* Work request
Your copy of the listing should match it exactly, only without pictures.

-------- Collected data --------

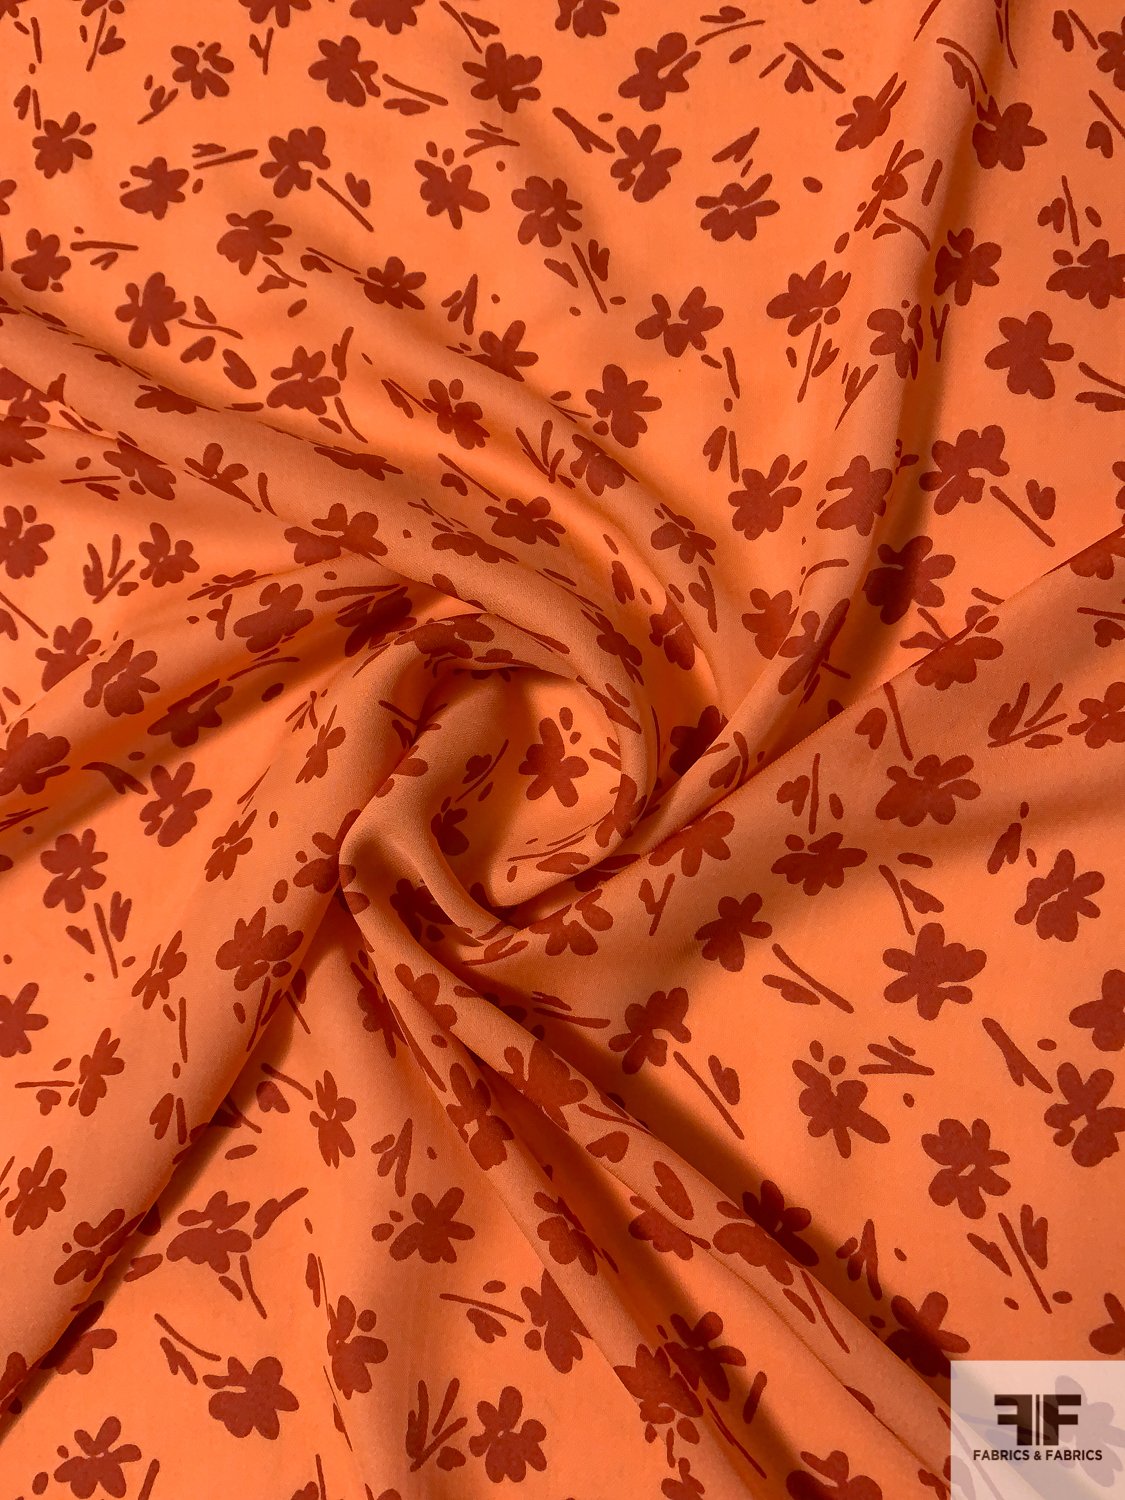 Youthful Floral Silhouette Printed Silk Georgette - Coral / Burnt Brick Orange
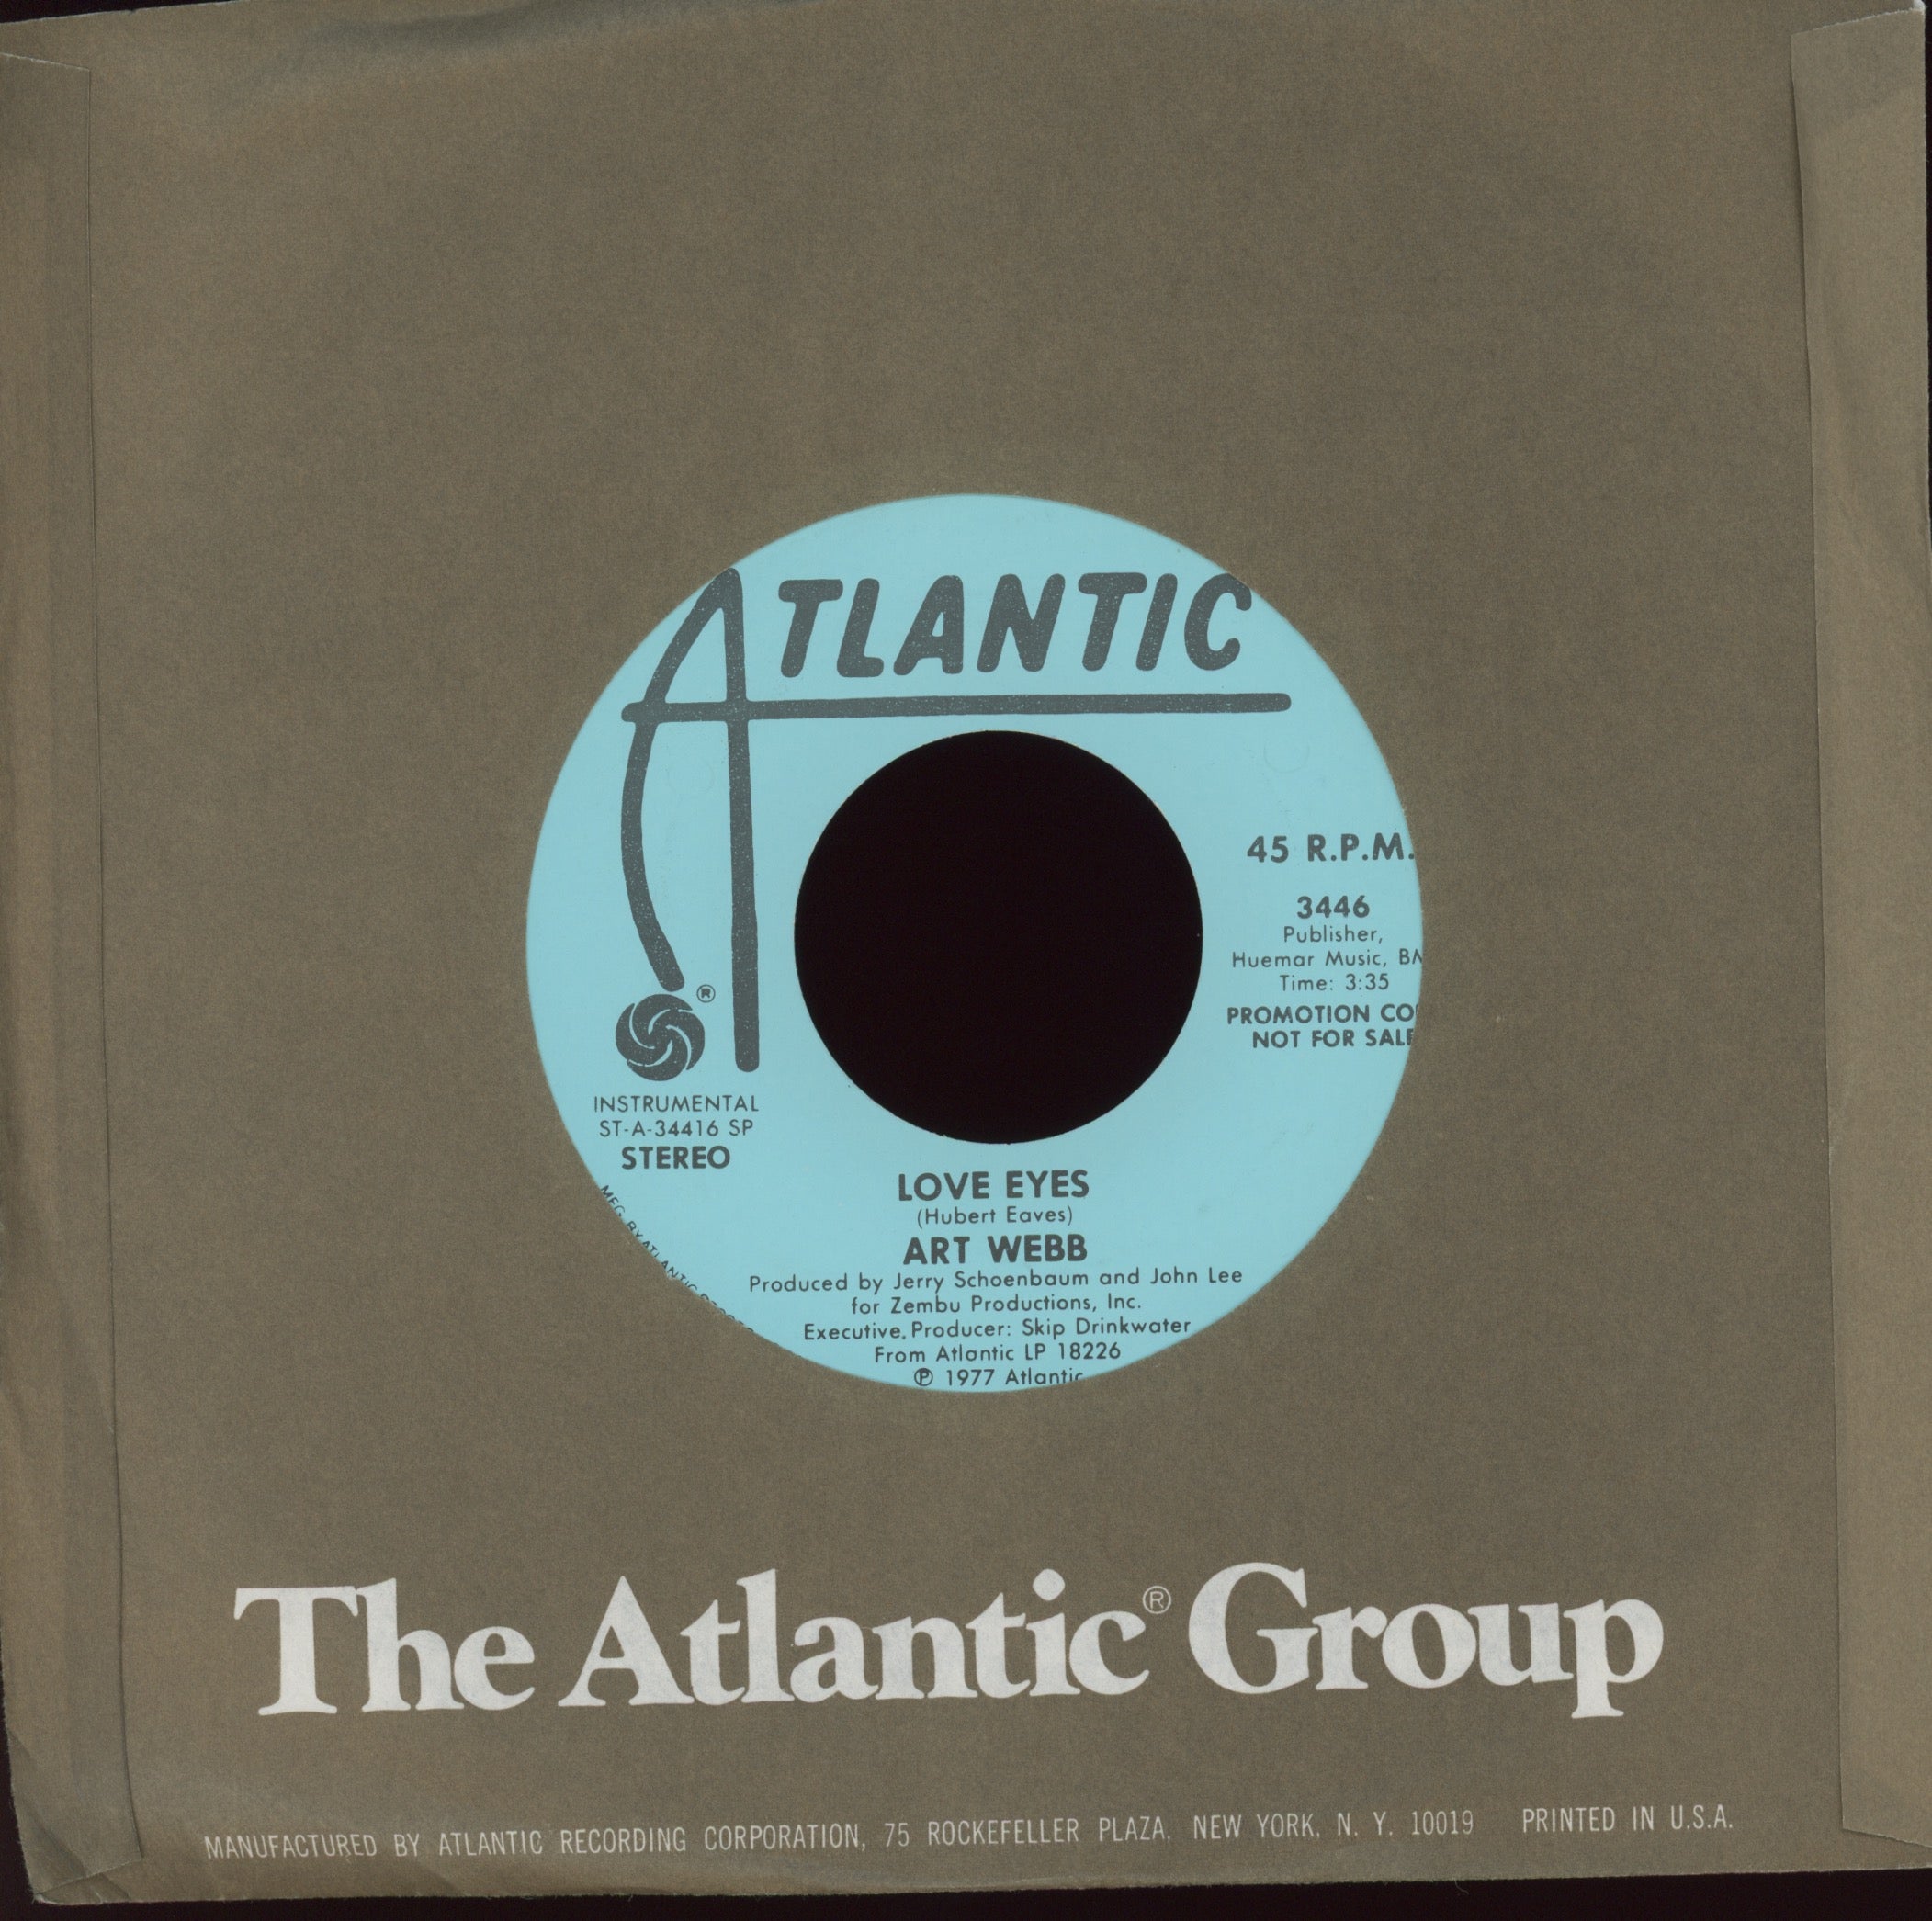 Art Webb - You Can't Hide Love on Atlantic Promo
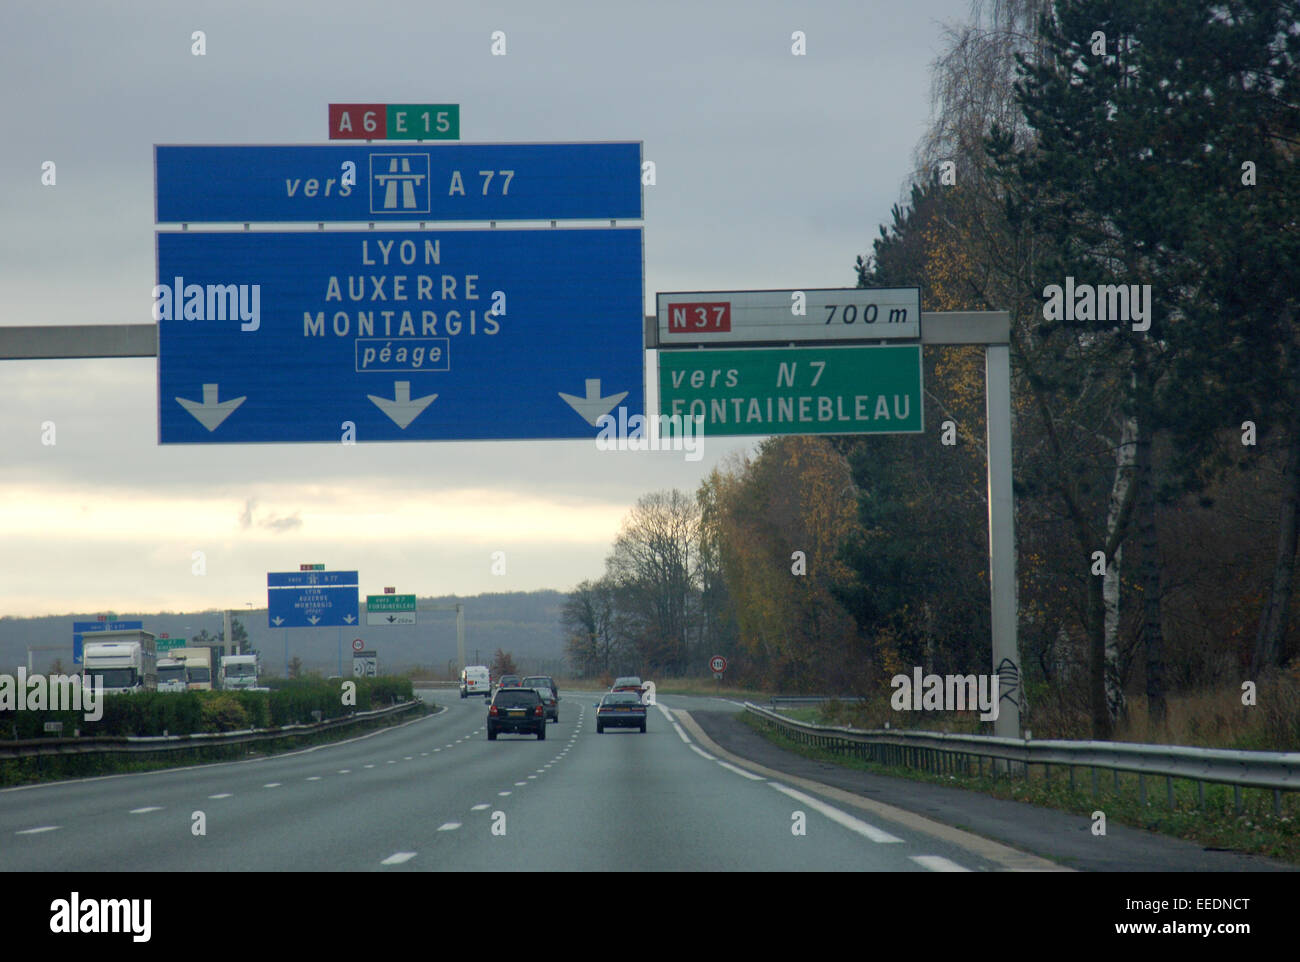 E15 A77 Autoroute A6 Autobahn durch Frankreich, Lyon, Auxerre und Montargis Peage abonnieren und Ausfahrt N7 Fontainbleau Stockfoto

--------

* Answer to this exercise
 Youthful Floral Silhouette Printed Silk Georgette - Coral / Burnt Brick Orange
 Art Webb - You Can't Hide Love on Atlantic Promo
 E15 A77 Autoroute A6 Autobahn durch Frankreich, Lyon, Auxerre und Montargis Peage abonnieren und Ausfahrt N7 Fontainbleau Stockfoto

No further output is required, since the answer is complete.